[[ SOURCE INFORMATION open ]]

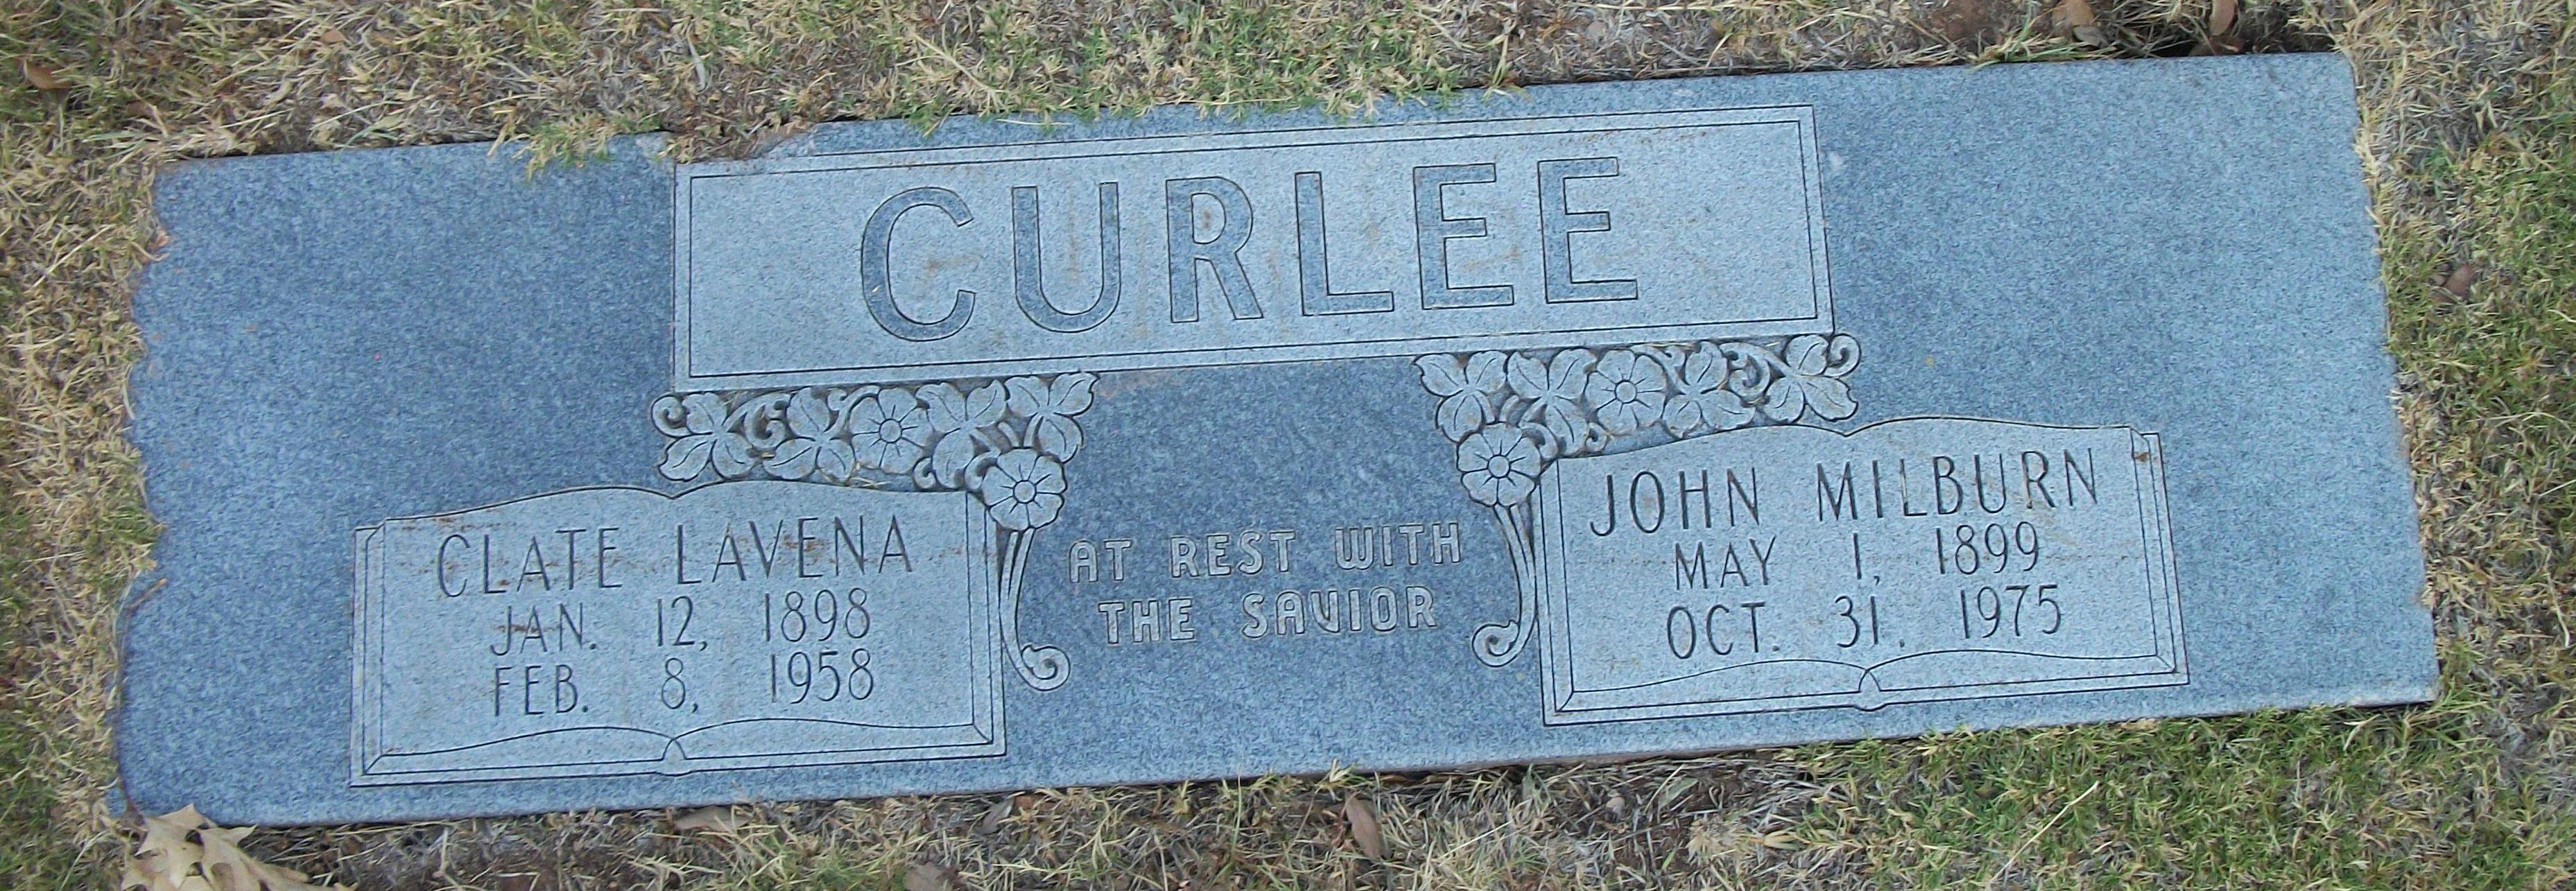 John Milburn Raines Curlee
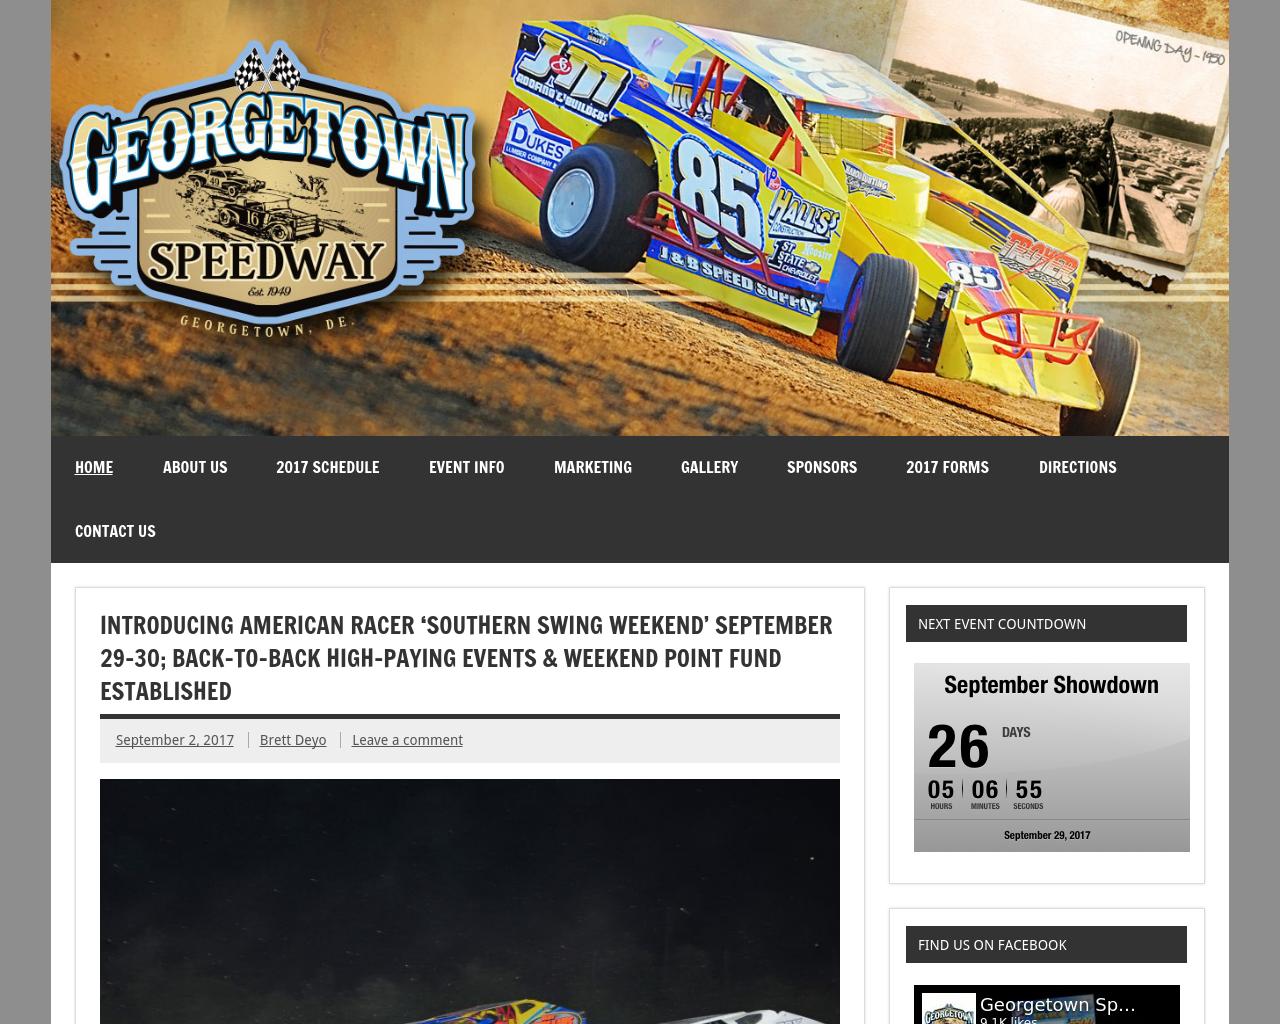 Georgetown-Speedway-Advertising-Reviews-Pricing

[[ SOURCE INFORMATION closed ]]
[[ SOURCE INFORMATION open ]]

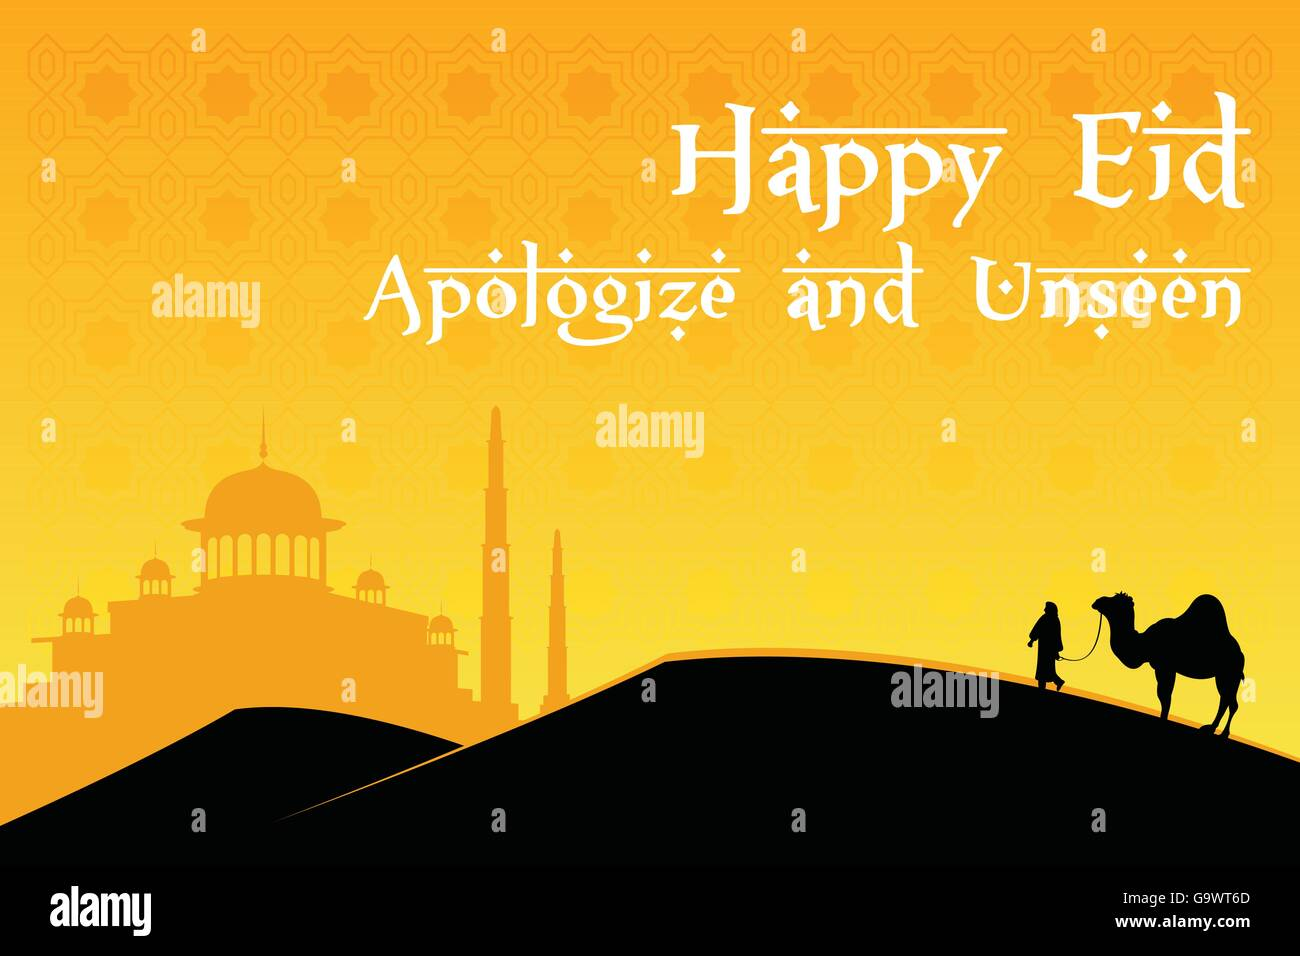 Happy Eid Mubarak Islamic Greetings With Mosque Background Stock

[[ SOURCE INFORMATION closed ]]

*WHAT IS EXPECTED*: Transcribe exactly the lines above, beginning at the one with "John Milburn Raines Curlee" and going up to and including the one with "Georgetown-Speedway-Advertising-Reviews-Pricing". Pictures do not belong in the copy.

*SOLUTION TO THIS EXERCISE*:
 John Milburn Raines Curlee
 Georgetown-Speedway-Advertising-Reviews-Pricing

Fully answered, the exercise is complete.